BROWN V. UNITED STATES, 113 U. S. 568 (1885)Subscribe to Cases that cite 113 U. S. 568
U.S. Supreme Court
Brown v. United States, 113 U.S. 568 (1885)
Brown v. United States
Argued January 13, 1885
Decided March 2, 1885
113 U.S. 568
APPEAL FROM THE COURT OF CLAIMS
In case of ambiguity in a statute, contemporaneous and uniform executive construction is regarded as decisive.
The provisions of the Act of August 3, 1861, ch. 42, § 23, 12 Stat. 291, relating to the retirement of officers of the navy, having been uniformly held, by the officers charged with their execution, to be applicable to warrant officers, are now held to be so applicable.
The Act of July 15, 1870, 16 Stat. 321, did not abolish the furlough pay list, and an order after the passage of that act retiring a naval officer on furlough pay was made in pursuance of law.
The administrator of a retired naval officer cannot, in order to recover from the United States an increase in the compensation of his intestate, take advantage of an alleged defect in the proceedings by which he was retired, and which he acquiesced in without objection during his lifetime.

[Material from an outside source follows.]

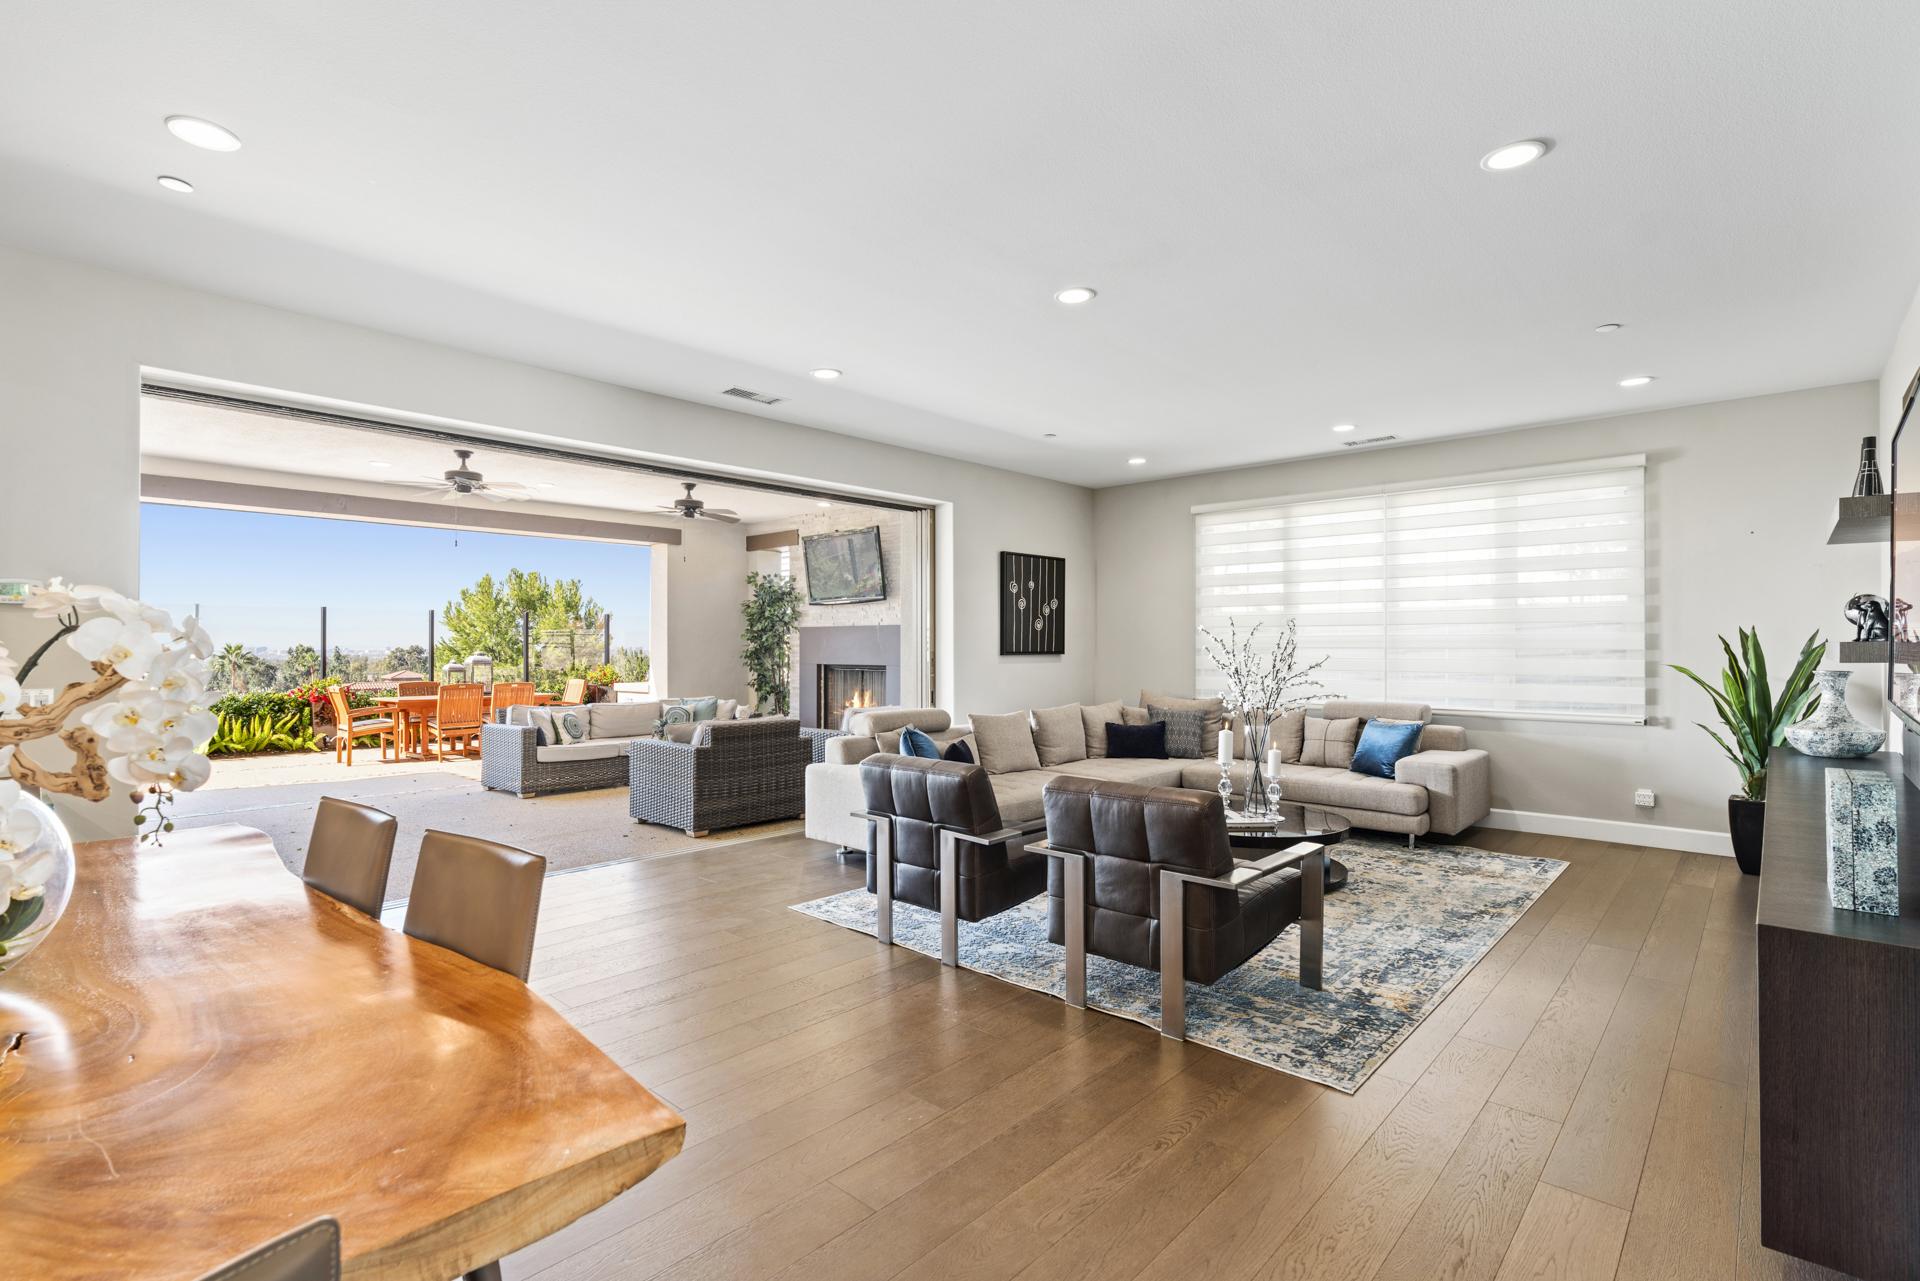 139 Sunset Cv - $2,200,000

§ 1588 Rev.Stat. does not apply to officers retired on furlough pay.
Officers of the navy on the retired list are not entitled to longevity pay.
James Brown, the intestate of the appellant, was a boatswain in the United States Navy. The petition in this case was filed against the United States by the administratrix of his estate in chanrobles.com-red
the Court of Claims to recover a balance of pay which she alleged was due to Brown at his death. The Court of Claims found the following facts:
Brown, the decedent, was appointed a boatswain in the Navy of the United States, January 4, 1862. On October 22, 1872, the Naval Retiring Board, before which he had been ordered by the Secretary of the Navy under the provisions of § 23 of the Act of August 3, 1861, 12 Stat. 291, reported that he was incapacitated from performing the duties of his office, and that there was no evidence that such incapacity was the result of any incident of the service. He was accordingly, upon the day last mentioned, by order of the President, retired on furlough pay. From October 22, 1872, to June 30, 1875, Brown received pay at the rate of $900 per annum, and from July 1, 1875, to June 6, 1879, at the rate of $500 per annum. On the day last named, he died.

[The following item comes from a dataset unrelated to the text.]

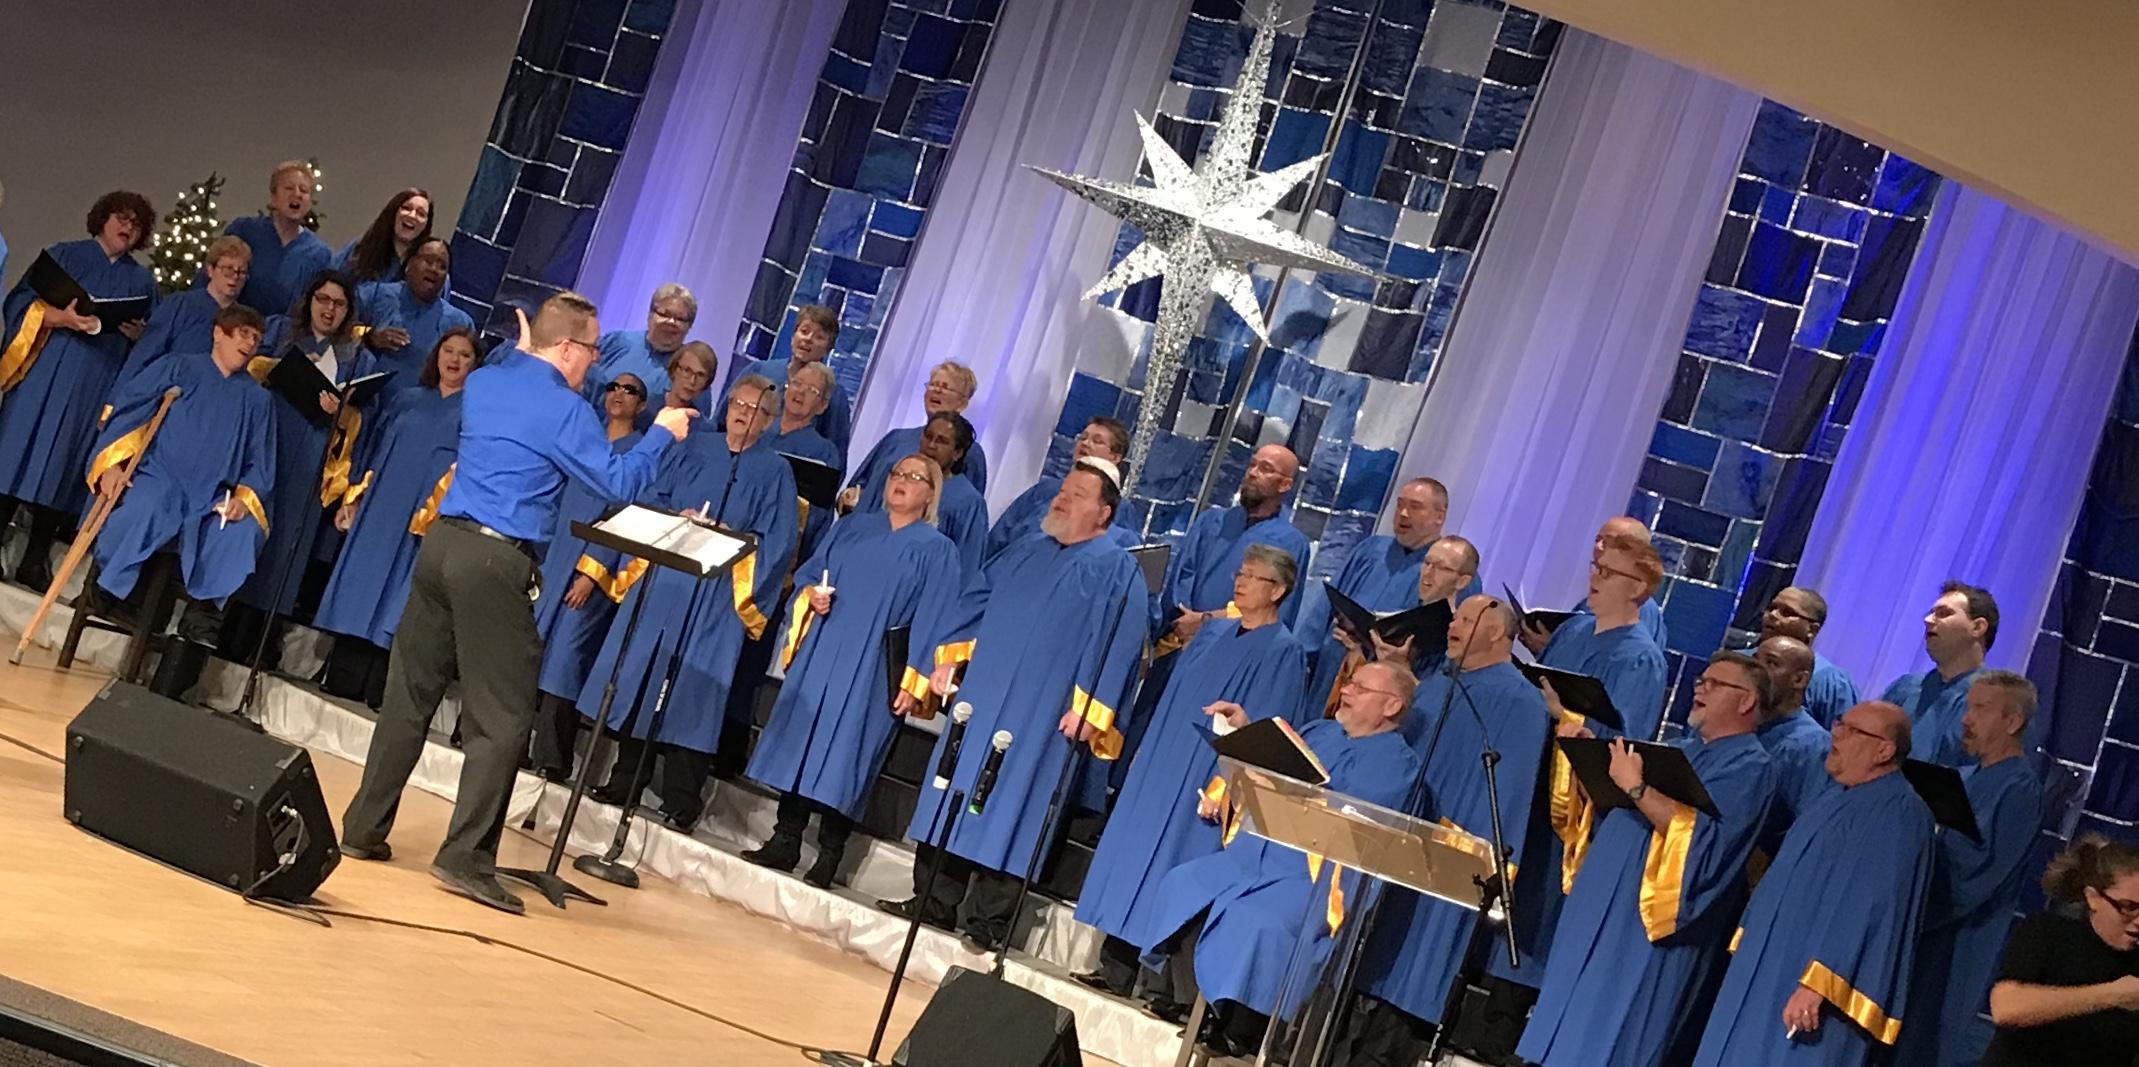 Choir at Christmas.jpg

The court further found that the Acts of August 3, 1861, 12 Stat. 290, and of December 21, 1861, 12 Stat. 329, were soon after their enactment construed by the President and Navy Department to include warrant officers, and under that construction it had been the uniform practice of the President to place warrant officers on the retired list, and large numbers of these officers had been so retired. No protest or objection was made by Brown during his lifetime, either to his retirement or rate of pay. The accounting officers of the Treasury had uniformly held that longevity pay to retired officers was not authorized by § 1593 of the Revised Statutes.
From these findings of fact the Court of Claims deduced, as a conclusion of law, that Brown was legally placed on the retired list, and had received the full amount of pay allowed him by law, and was not entitled to recover, and entered judgment dismissing the petition. The appeal of the petitioner brings that judgment under review.

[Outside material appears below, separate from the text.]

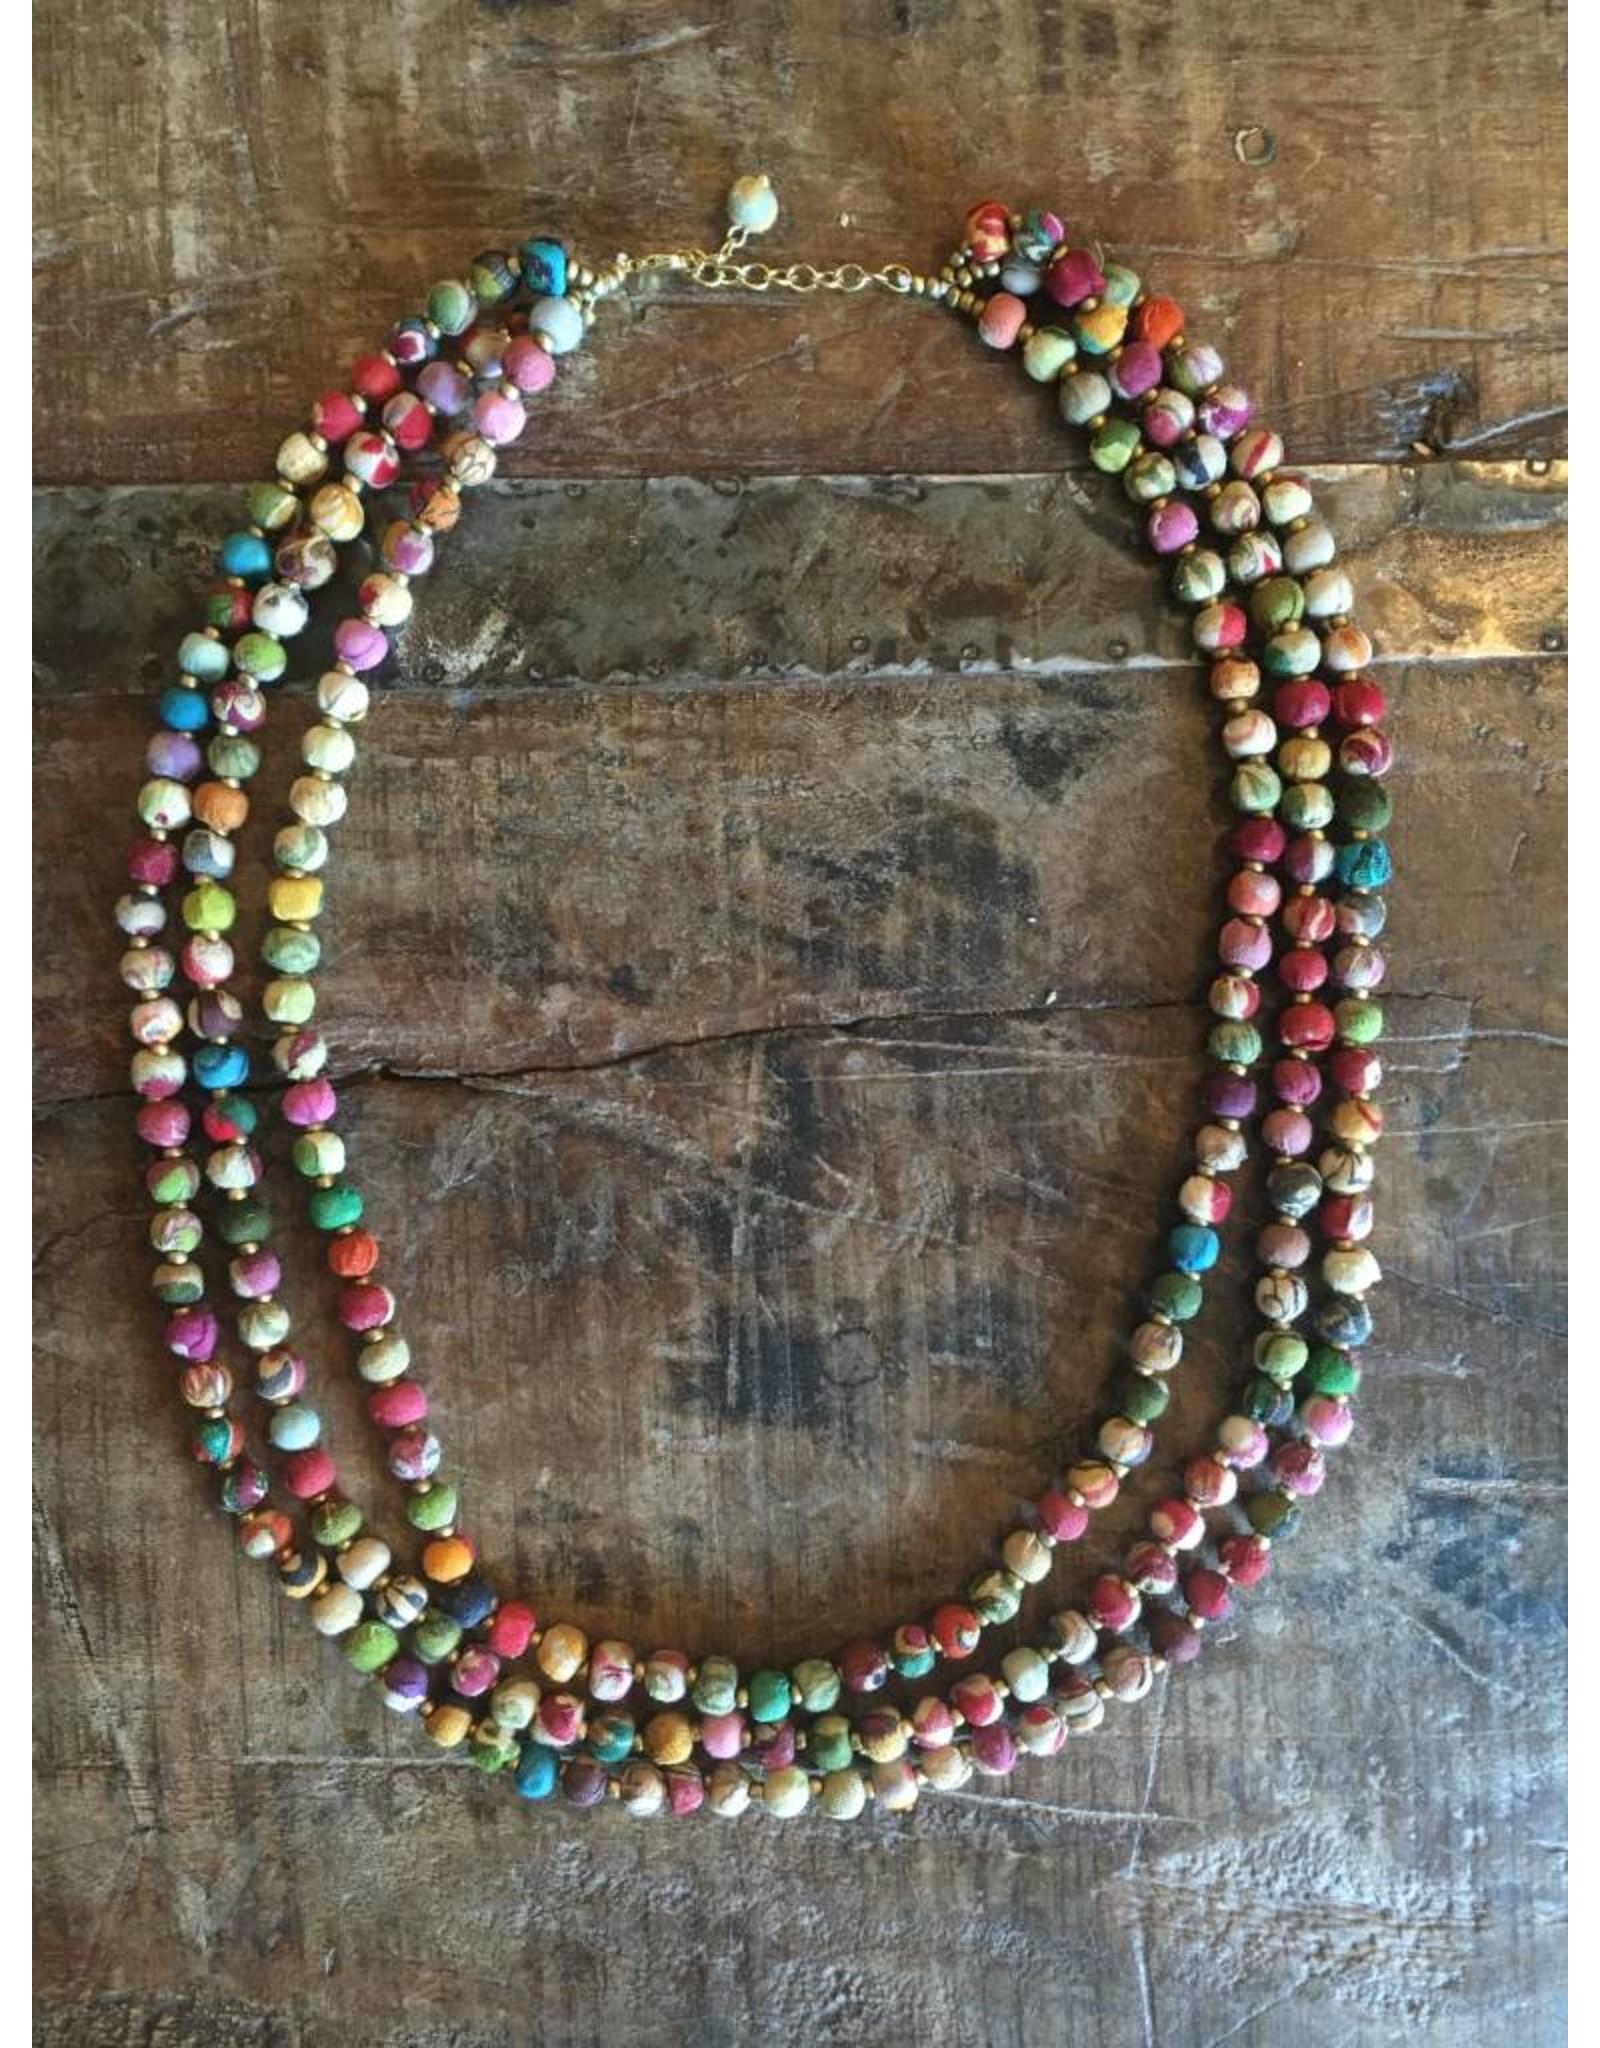 Sari Triple Strand Necklace, India

MR. JUSTICE Woods delivered the opinion of the Court. He recited the facts in the foregoing language, and continued: chanrobles.com-red
It is not denied that up to July 1, 1875, Brown received all the pay to which he was entitled.
The first contention of the appellant is that the placing of Brown on the retired list was unauthorized by law, and that he was therefore entitled to the full pay of a boatswain from July 1, 1875, up to the time of his death.
§ 23 of the Act of August 3, 1861, 12 Stat. 291, by authority of which the President assumed to retire Brown, reads as follows:
"That whenever any officer of the navy, on being ordered to perform the duties appropriate to his commission, shall report himself unable to comply with such order, or whenever, in the judgment of the President of the United States, an officer of the navy shall be in any way incapacitated from performing the duties of his office, the President at his discretion, shall direct the Secretary of the Navy to refer the case of such officer to a board. . . . The board, whenever it finds an officer incapacitated for active service, will report whether, in its judgment, the incapacity result from long and faithful service, from wounds or injuries received in the line of duty, from sickness or exposure therein, or from any other incident of the service; if so, and the President approve of such judgment, the disabled officer shall thereupon be placed upon the list of retired officers according to the provisions of this act. But if such disability or incompetency proceed from other causes, and the President concur in opinion with the board, the officer may be retired upon furlough pay, or he shall be wholly retired from the service with one year's pay at the discretion of the President, and in this last case his name shall be wholly omitted from the navy register. . . ."
The appellant asserts that this section applies only to commissioned officers, and not to warrant officers, to which latter class Brown belonged.
It must be conceded that were the question a new one, the true construction of the section would be open to doubt. But the findings of the Court of Claims show that soon after the enactment of the act, the President and the Navy Department construed the section to include warrant as well as commissioned officers, chanrobles.com-red
and that they have since that time uniformly adhered to that construction, and that under its provisions, large numbers of warrant officers have been retired. This contemporaneous and uniform interpretation is entitled to weight in the construction of the law, and in a case of doubt ought to turn the scale.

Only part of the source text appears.